Have you ever walked into a business and just felt an atmosphere of genuine welcome and great connection with the staff? It is an experience that will leave you with a feeling of wanting to come back again, really soon. Change your thought to the opposite side of the coin; can you remember experiencing poor customer service, where you wanted to walk right out the door as soon as you walked in?
“Customer service is the new marketing, it’s what differentiates one business from another” – Jay Baer. Meeting front line workers can make or break customer service experiences. Whilst you expect to have a positive experience in a luxury hotel, quality customer service can be brought into any business.
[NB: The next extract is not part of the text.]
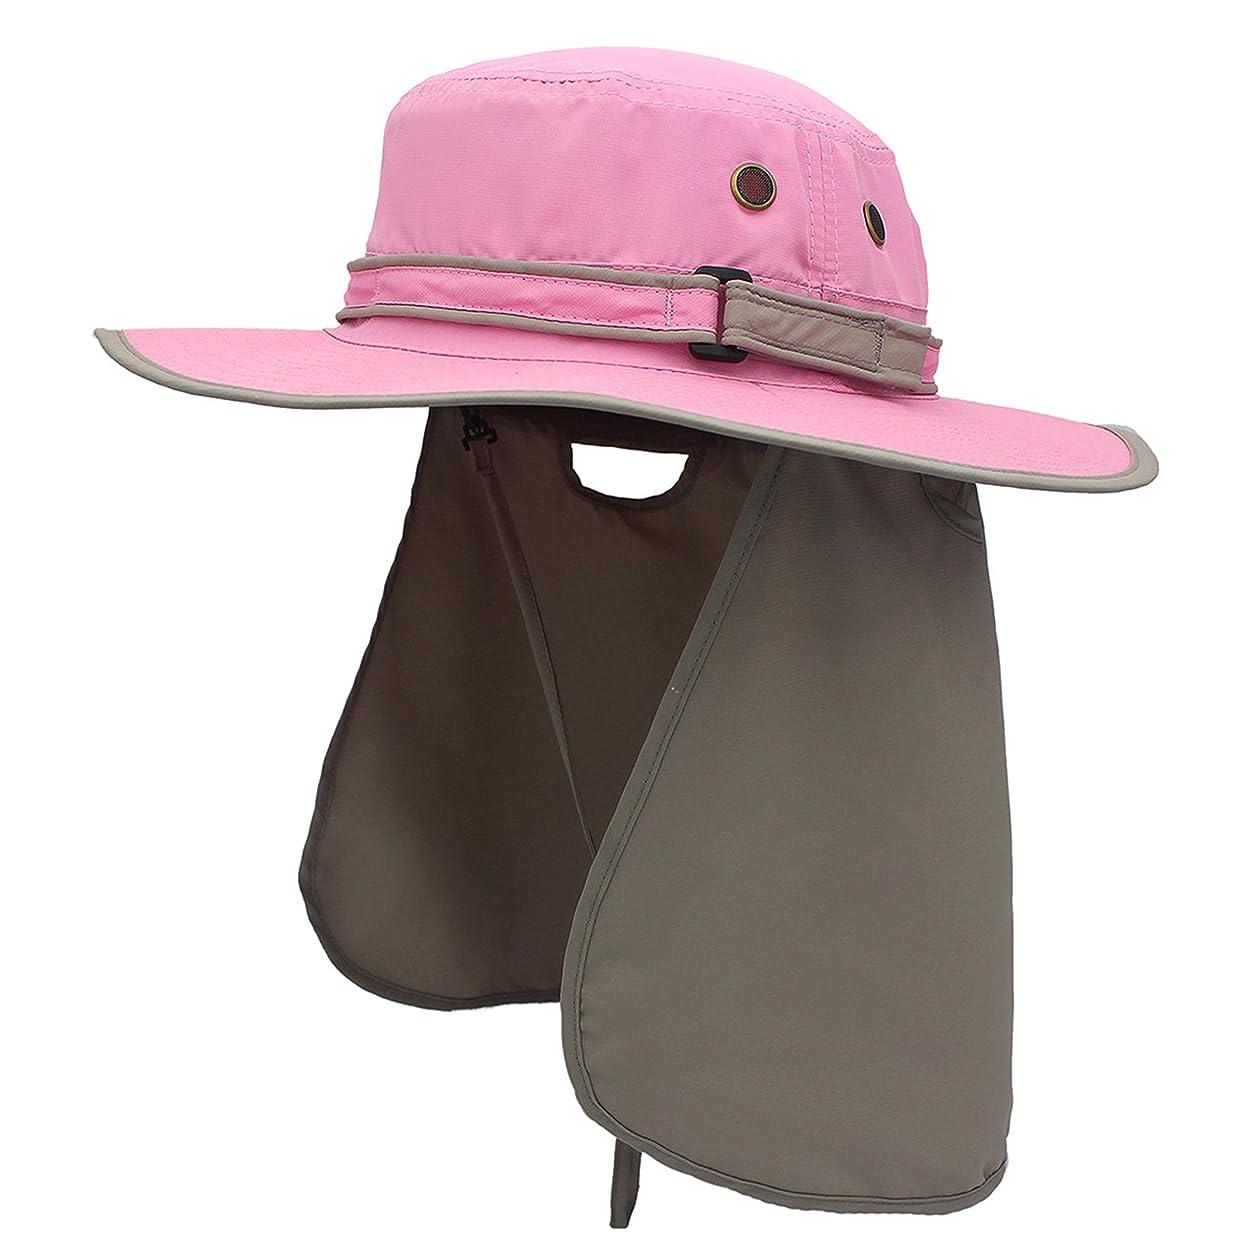 粒であること振幅アウトドアハット日除け付帽子 漁師キャップUV?紫外線カット つば広 大きいサイズ 軽薄 速乾 防水 通気性抜群 あご紐付き 男女兼用 釣り ガーデニング 登山 農作アウトドア作業

Tips to Create the Quality Customer Service
- Consider the ambience, flow, and experience from the view of the customer
Does it work from a practical point of view? User interfaces provide clear labels and messaging and provide comfort to the customer. Implement touch-point maps for larger buildings to guide your customers to their destination. This can help to avoid frustrations, delays for appointments and support them on their journey as they use the service. Implement colourful advisory boards in the lobby area. Notices can include special offers, pricing list and promote other businesses in the local area. A copy of the company’s mission statement can be included here too, showing the customer your commitment to them for their business.
- Listen to the customer
Where possible meet their needs before they know what they need. Train staff to provide a service that goes beyond meeting customer expectations. The rewards will be great for both parties – boosting customer retention and referral, and the bottom line. Host frequent measurement meetings to evaluate performance and feedback and continue to improve the service.
- Remember small gestures can really make a big difference
- Emotions play an important part of the user’s experience
Greet customers with a friendly smile. Provide them with your full attention when they enter the building
- Respond promptly to customer feedback
Customers that have a poor experience will typically walk out and tell their family and friends of their experience. At this point the opportunity to resolve the situation is lost. Ensure to ask before they leave for their feedback – asking if they are happy with the service or if they can provide recommendations for improvement
- Employ a mystery shopper
Mystery shoppers engage with your brand on all levels, taking notes on all experiences. Their discerning eye will be more critical than your average customer. The mystery shopper’s feedback can provide you with opportunities for improvement, and suggest processes that can be replaced with another idea or eliminated
- Research your customer to understand their real needs
Customer feedback can be acquired at many stages of the customer’s journey – at the point of sale or by asking them to complete a customer feedback form or to take part in a simple survey.
- Offer reward systems to loyal customers
They will value your token of gratitude and appreciate your goodwill gesture.
Delivery of exceptional, rich user experiences in customer service provides dynamic and interactive processes which create a more credible service. There is added value to the customer in a meaningful way, which will prompt them to promote your service. Similar to front-line staff, customers are powerful advocates for any business – referring new service users, based on their experience. This can save a company time and money, particularly on marketing costs.